WHAT TO PRODUCE | In this exercise, the entries below include pictures. Repeat exactly the lines from the line with "Frank Shunover. Abe" to the line with "Quick Start - Siddhi", including both, but without the pictures.

DATA |
# # # # # # #

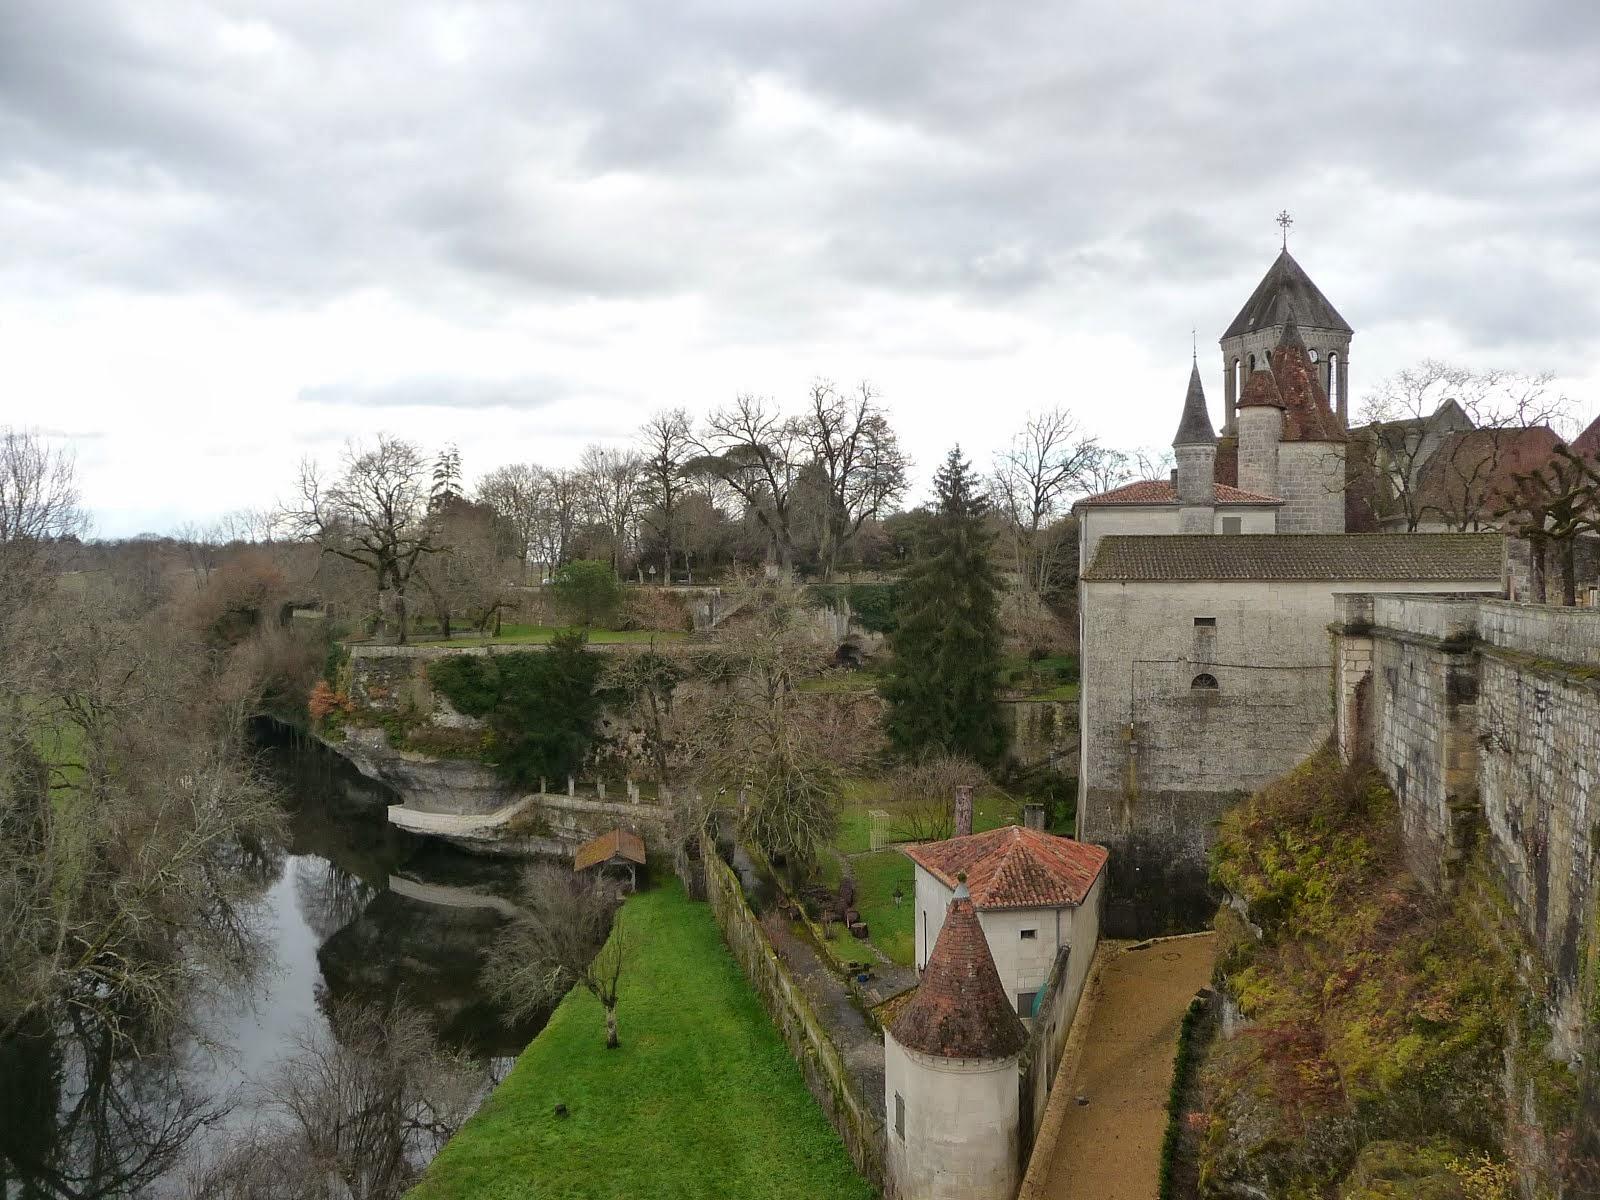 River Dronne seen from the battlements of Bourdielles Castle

# # # # # # #

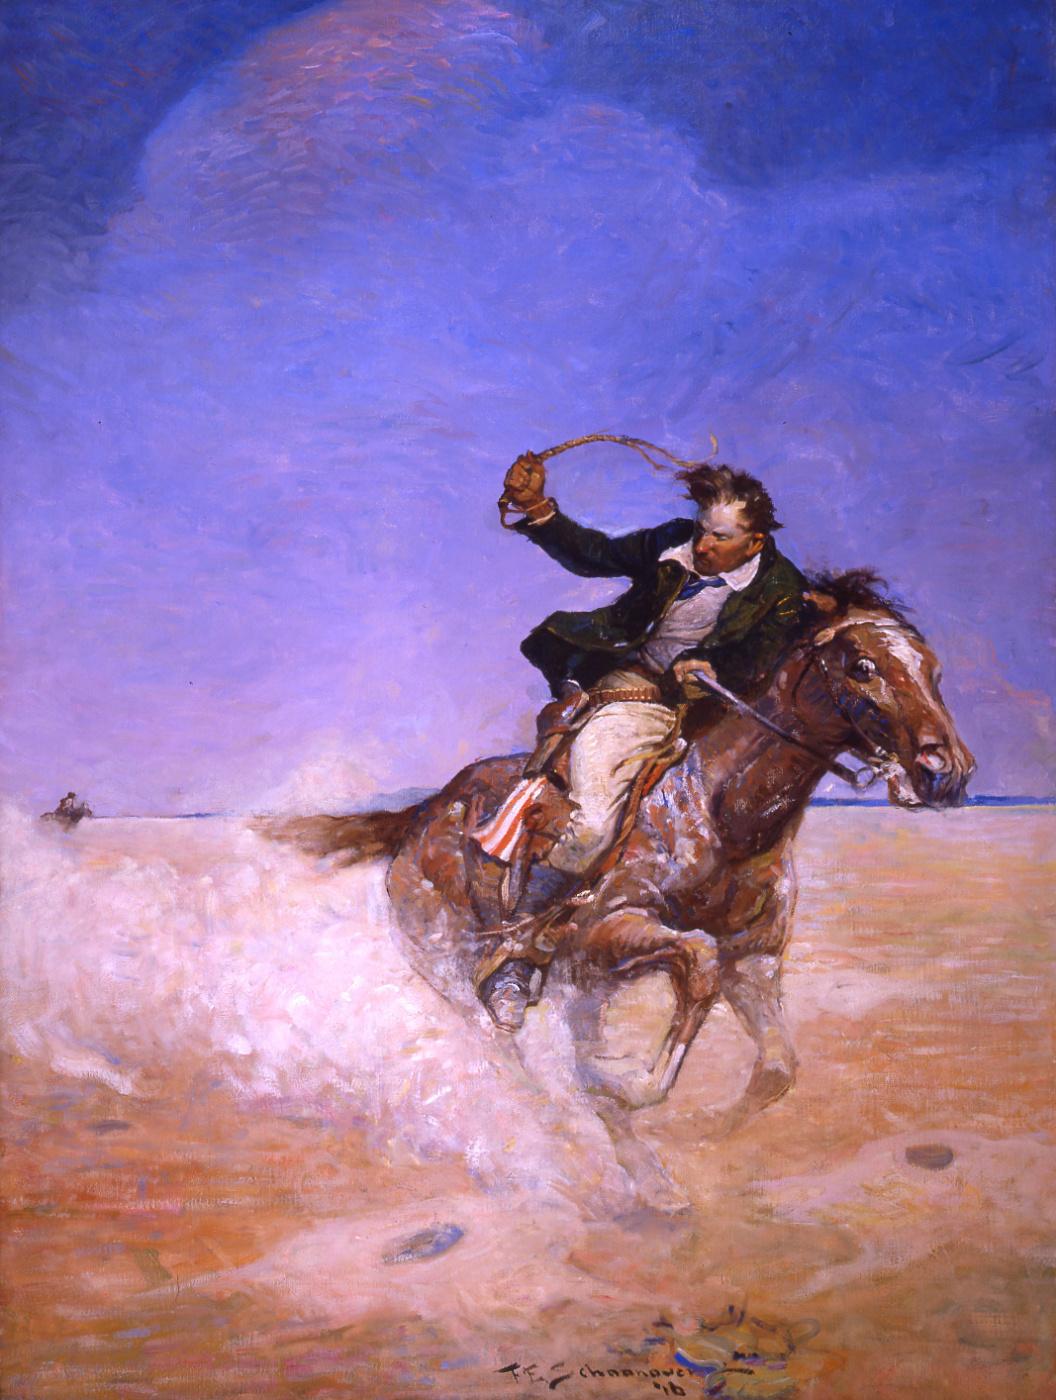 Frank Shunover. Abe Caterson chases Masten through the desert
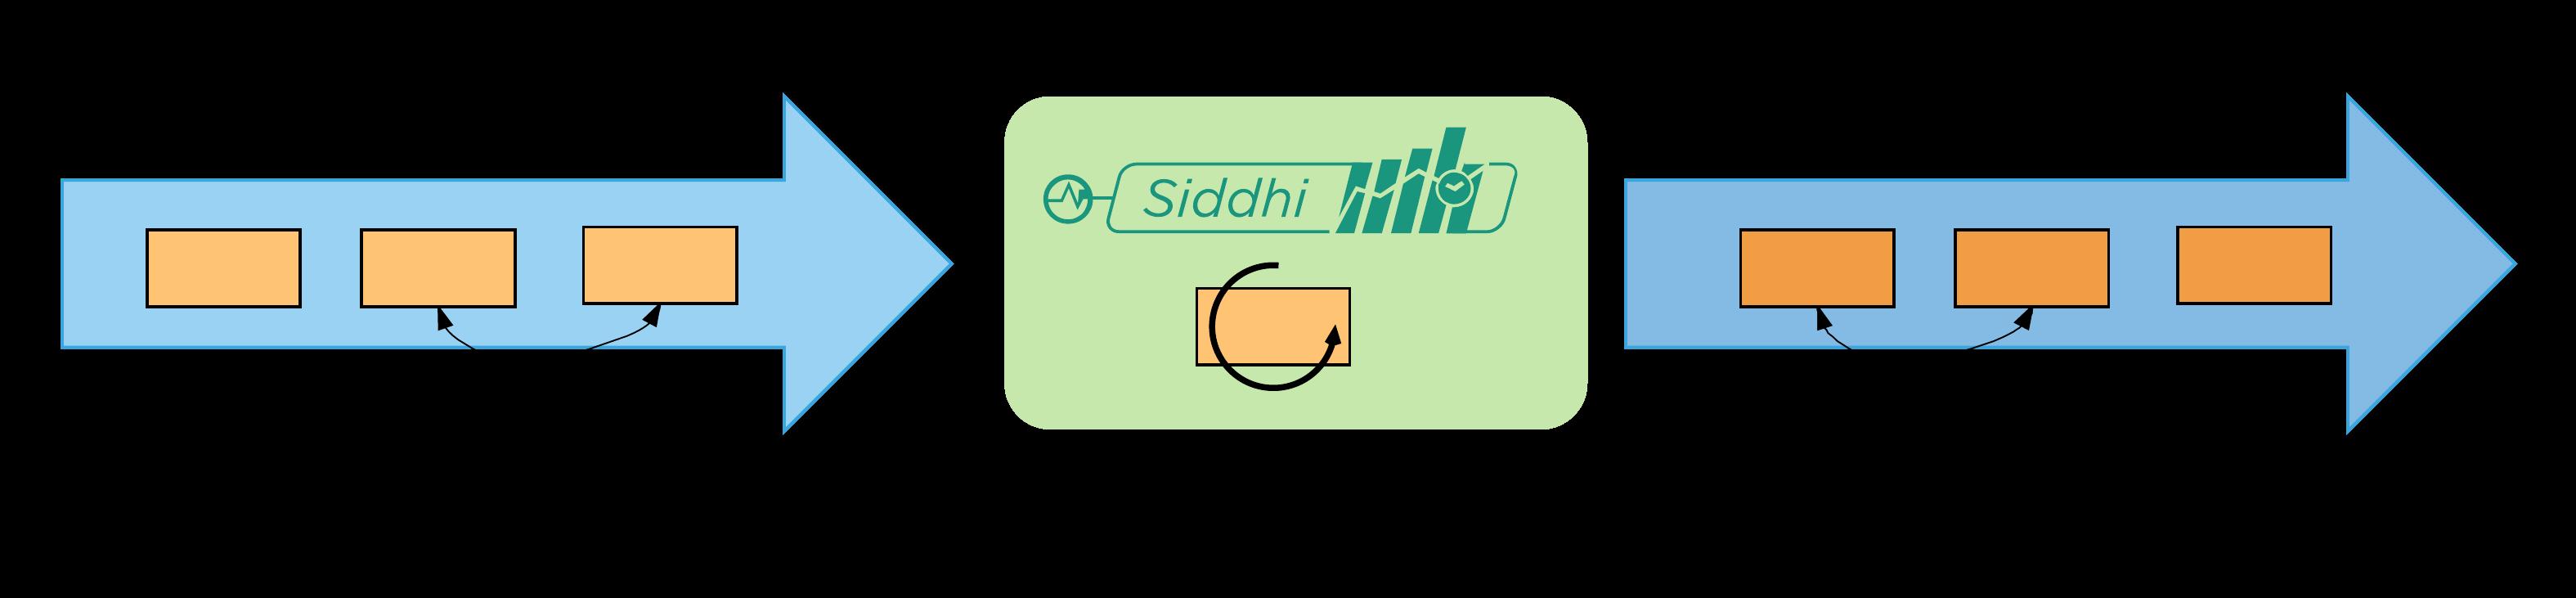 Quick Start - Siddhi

# # # # # # #

SOLUTION TO THIS TASK |
 Frank Shunover. Abe Caterson chases Masten through the desert
 Quick Start - Siddhi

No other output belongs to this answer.